|EcommerceBytes-NewsFlash, Number 2984 - January 22, 2013 - ISSN 1539-5065 1 of 5|
PayPal continues to get sporadic public relation "black eyes" for the way it handles frozen accounts - but only when the accountholders are high-profile or otherwise garner media attention.
The latest case in point is Jay Lake, a writer whose efforts to raise money via PayPal donations was stopped in its tracks when PayPal froze his account. (He explains more about the case on his blog.)
When the issue got mass attention on social media site Twitter nearly two weeks ago, PayPal reinstated his account and apologized. PayPal's spokesperson Anuj Nayer said at the time it had worked to reduce such situations from arising and said PayPal planned to do more to "open the kimono" so people could see how the process worked.
CNN picked up the story on Monday, and also wrote about another high-profile case involving a Kickstarter project.
Nayer told CNN that PayPal is fixing shortcomings with its resolution process, which requires accounts that are frozen to supply it with paperwork that doesn't apply to fundraisers. He promised that PayPal would fix "a lot of those pain points."
Nayar would not go into specifics about what would change, but said transparency was a major focus.
A year ago, PayPal promised to adjust its 21-day hold practices after the New York Times scrutinized the policy on behalf of a reader.

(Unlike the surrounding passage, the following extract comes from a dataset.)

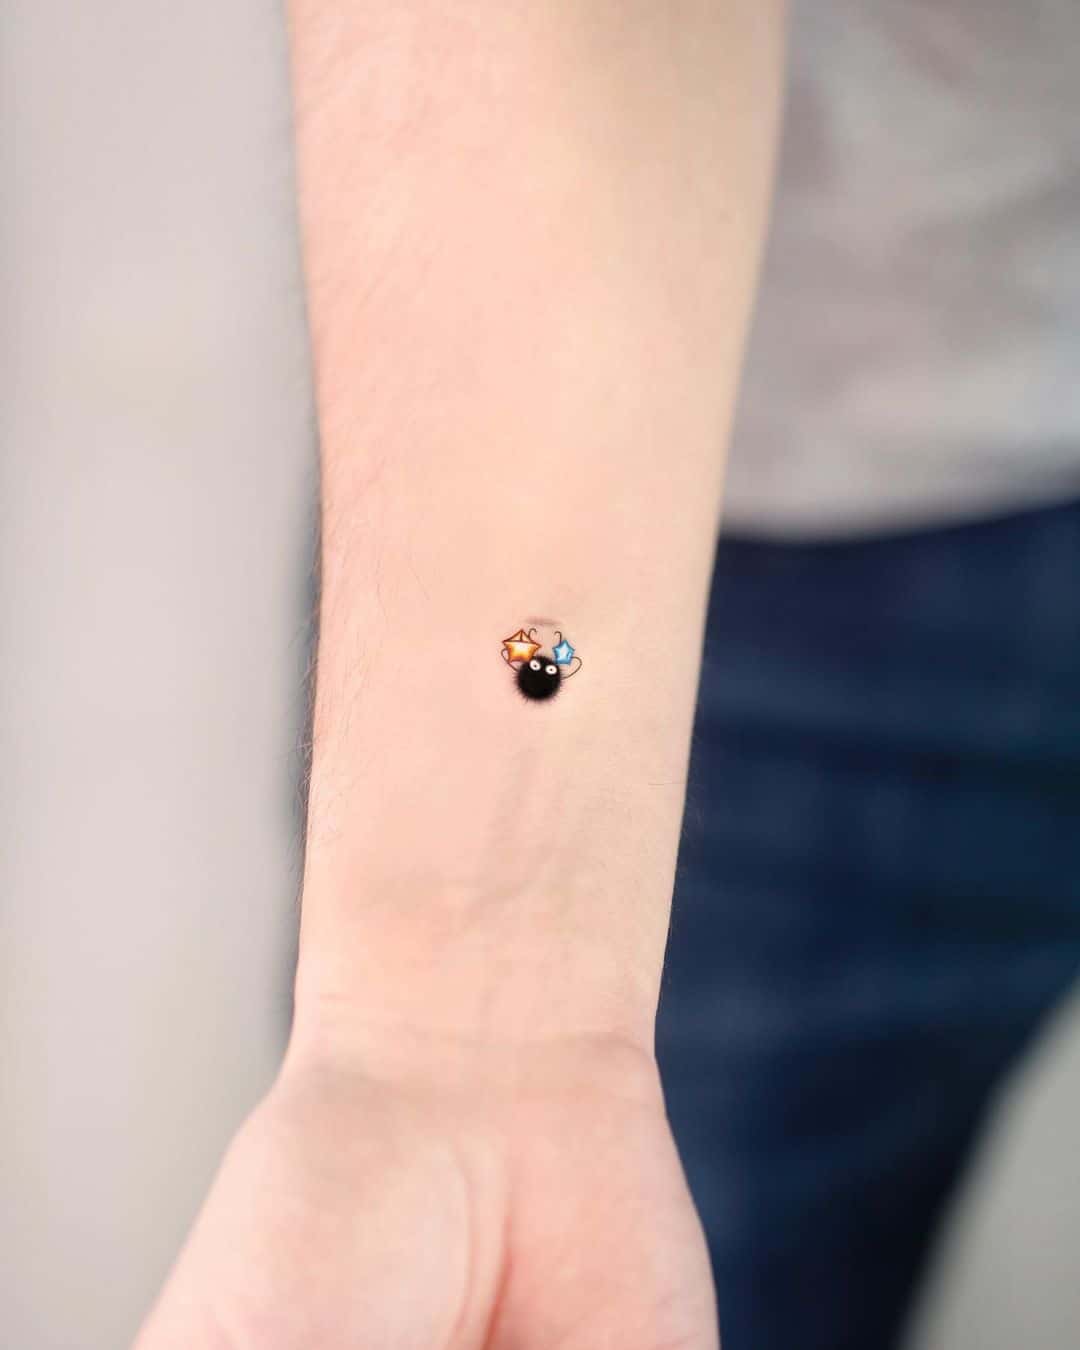 Small star tattoo by tattooist toma

But it actually expanded its holds policy two months later.
PayPal's rolling reserve policy hits sellers hard, but the issue does not receive much mainstream media attention.

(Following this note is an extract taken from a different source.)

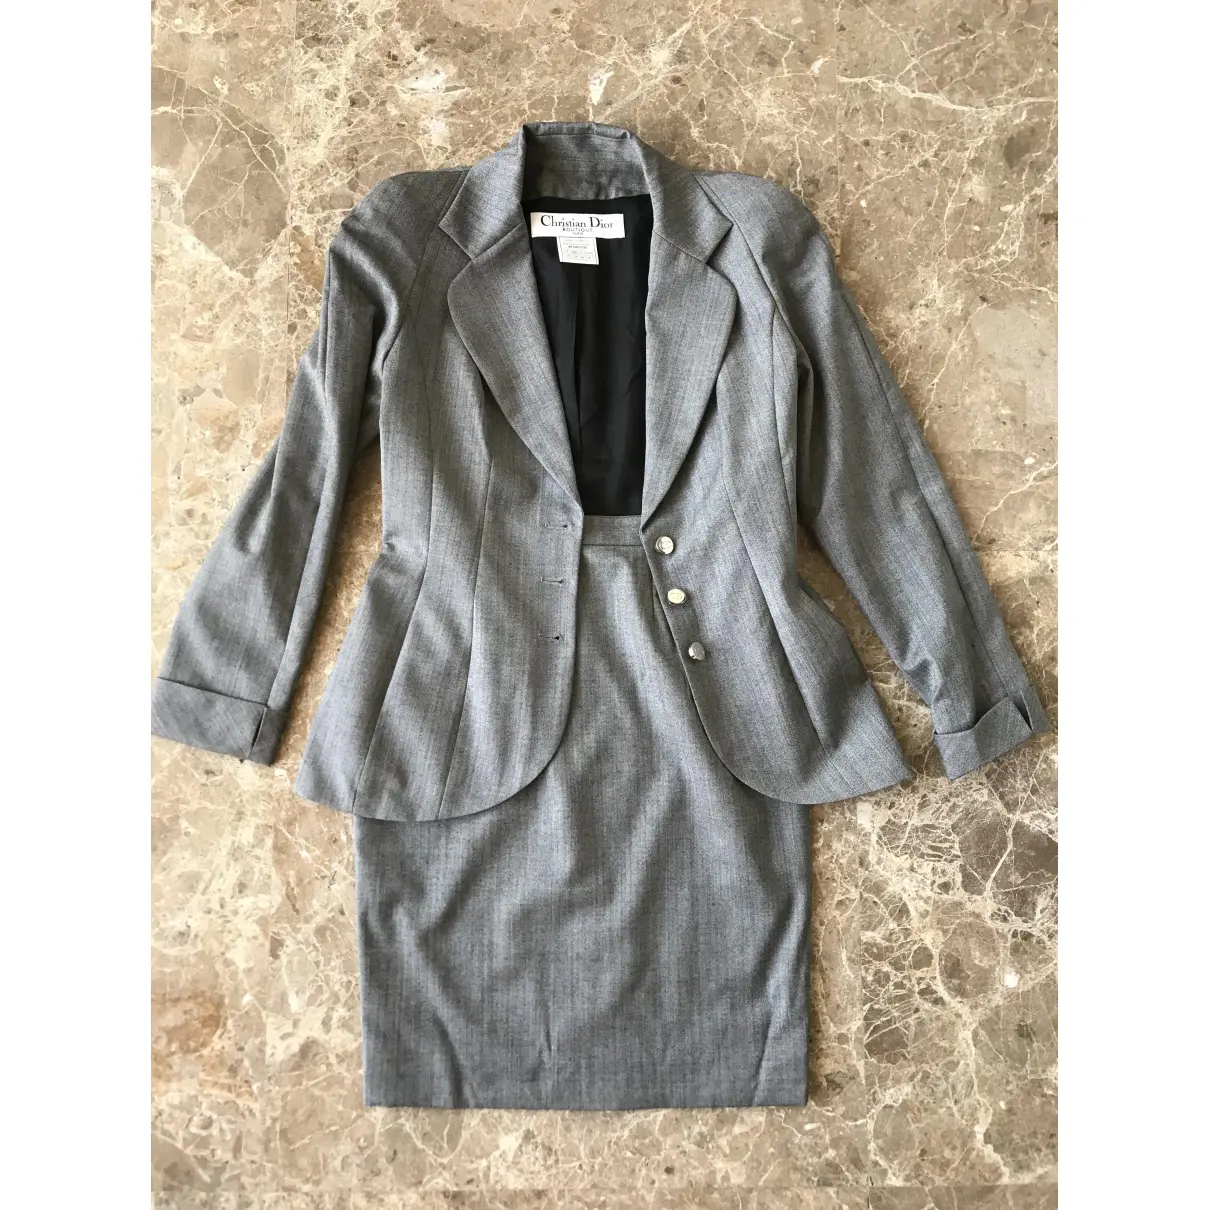 Wool suit jacket Dior

For those PayPal accountholders concerned about such policies and how they're enforced, EcommerceBytes created a chart of state agencies that deal with complaints about money transmitters.
About the author:
Ina Steiner is co-founder and Editor of EcommerceBytes and has been reporting on ecommerce since 1999. She's a widely cited authority on marketplace selling and is author of "Turn eBay Data Into Dollars" (McGraw-Hill 2006). Her blog was featured in the book, "Blogging Heroes" (Wiley 2008). Follow her on Twitter at @ecommercebytes and send news tips to firstname.lastname@example.org.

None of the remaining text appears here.